In the present case-control study, we investigated the effect of multiple common MUC4 gene variants and their interaction with cigarette exposure on lung cancer risk in a Southern Han Chinese population. We found that nine SNPs (rs863582, rs842226, rs842225, rs2550236, rs2688515, 2641773, rs3096337, rs859769, and rs842461) were significantly associated with lung cancer risk. Consistent with the results of single-locus analysis, the haplotype analyses revealed an adverse effect of the haplotype “GGC” of rs3096337, rs859769, and rs842461 on lung cancer. Both the haplotype and diplotype “CTGAGC” of rs863582, rs842226, rs2550236, rs842225, and rs2688515 had adverse effects on lung cancer risk, which is consistent with the single-locus analysis results. Moreover, we observed a statistically significant interaction for rs863582 and rs842461 with cigarette smoking when tested as either a discrete or continuous variable. These findings support our hypothesis that MUC4 polymorphisms and their interaction with smoking may contribute to lung cancer etiology. To the best of our knowledge, this is the first study to assess associations for a broad spectrum of genetic variants individually and collectively as haplotypes of the MUC4 gene and lung cancer risk.

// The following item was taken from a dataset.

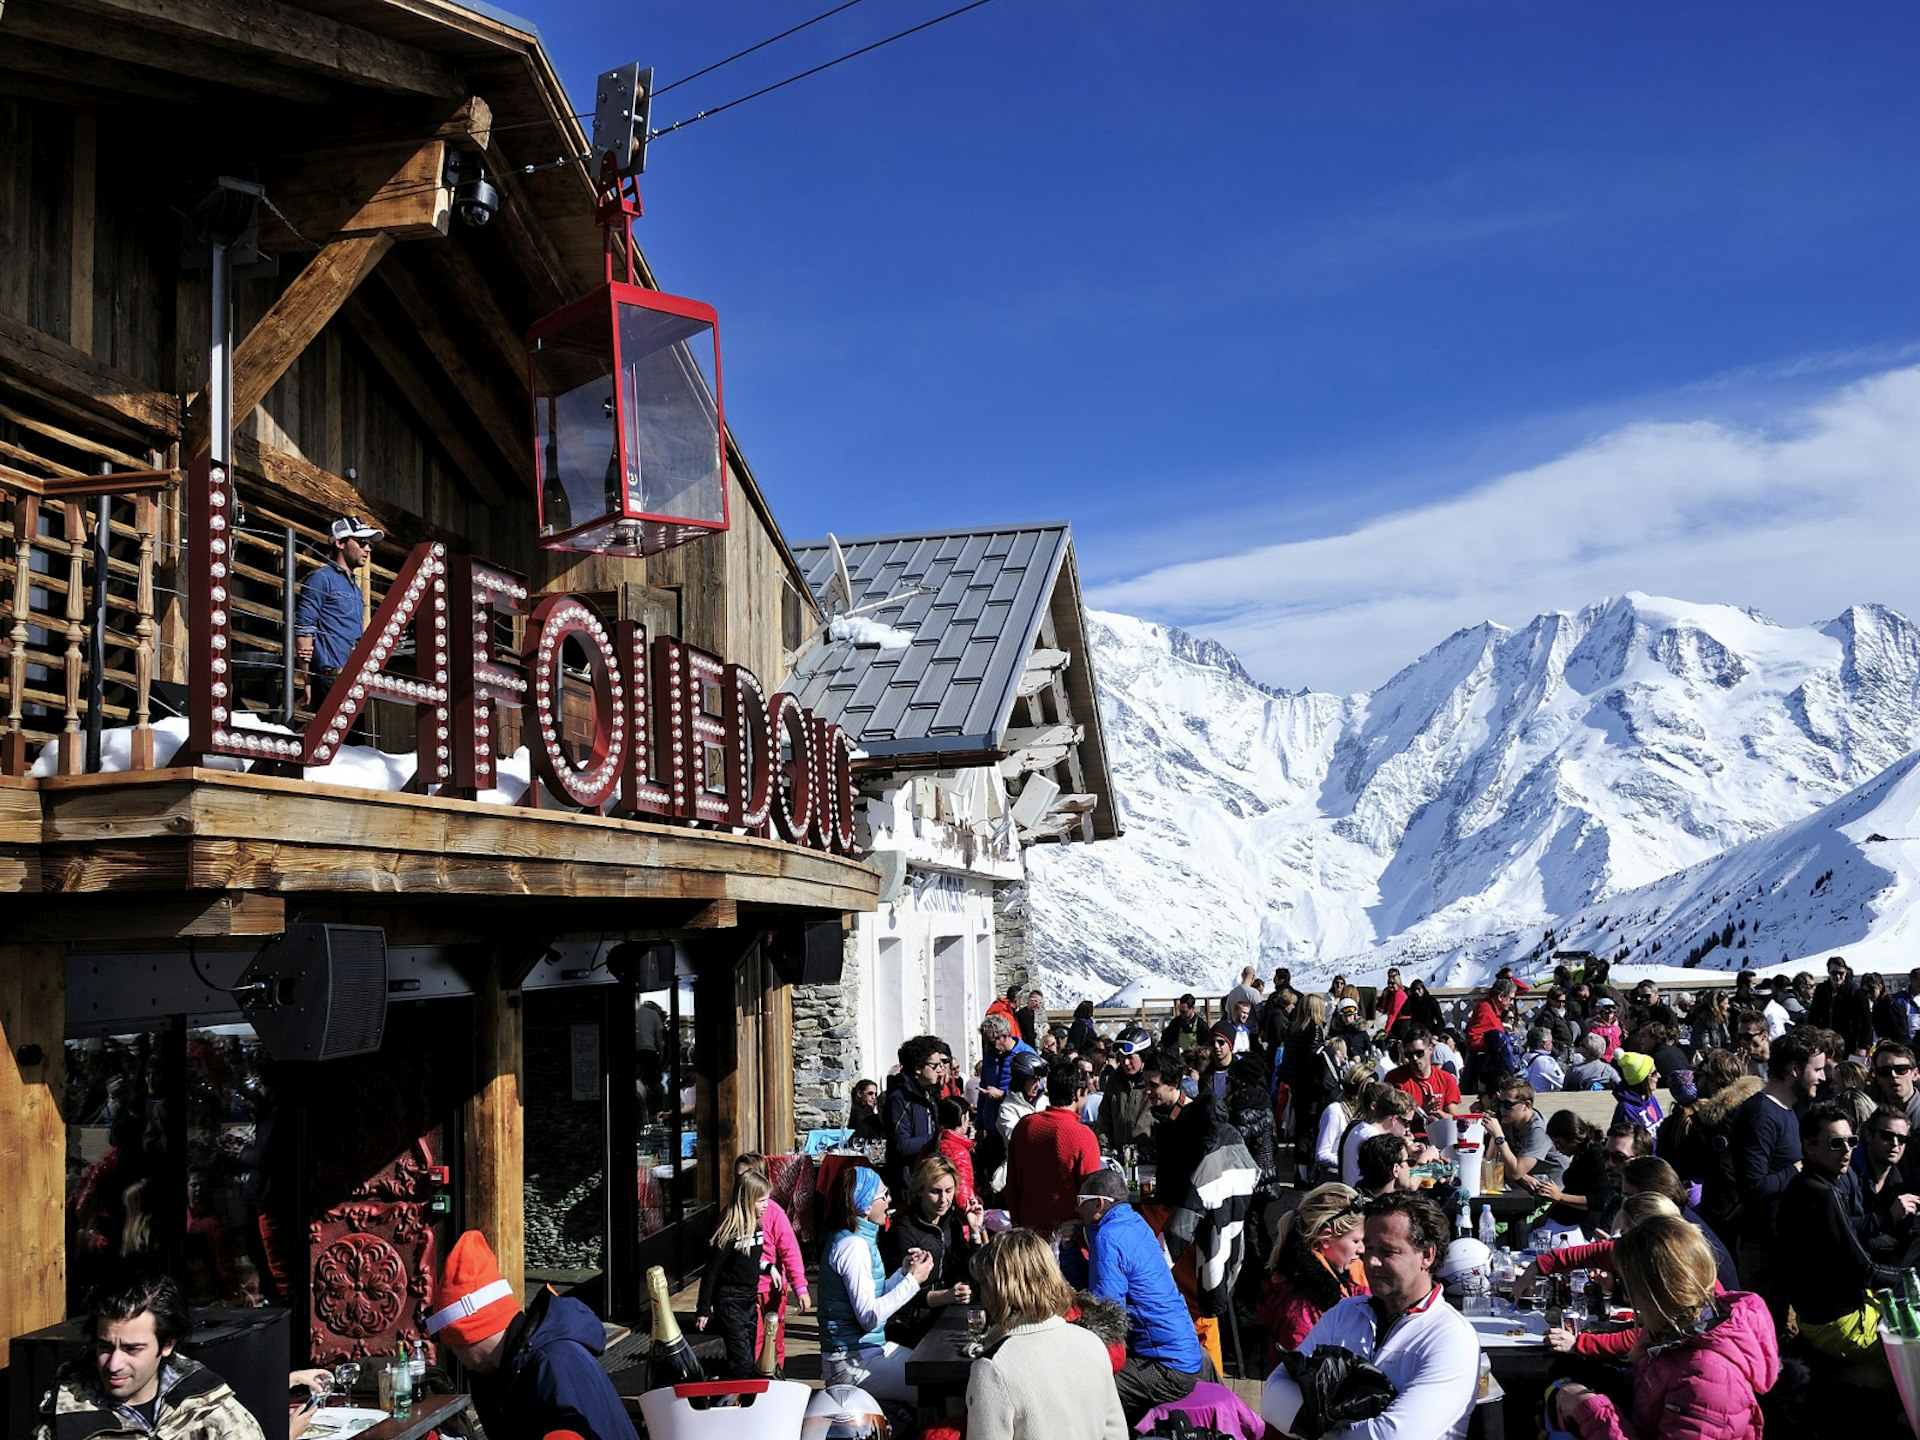 La Folie Douce, a bar at the top of a 2500m-high slope on the Alps

It is biologically plausible that MUC4 may be involved in lung cancer etiology. For example, MUC4 is thought to be a very specific (100%) and sensitive (91.4%) marker in paraffin-embedded lung adenocarcinoma tissue, which could be useful in diagnostic practice in the distinction between malignant mesothelioma and adenocarcinoma [38]. Moreover, MUC4 overexpression was found to correlate with poor prognosis in small-sized lung adenocarcinomas [39]. Accumulating evidence suggests that MUC4 might also be a potential diagnostic and prognostic marker for other malignancies, such as ductal carcinoma[4042].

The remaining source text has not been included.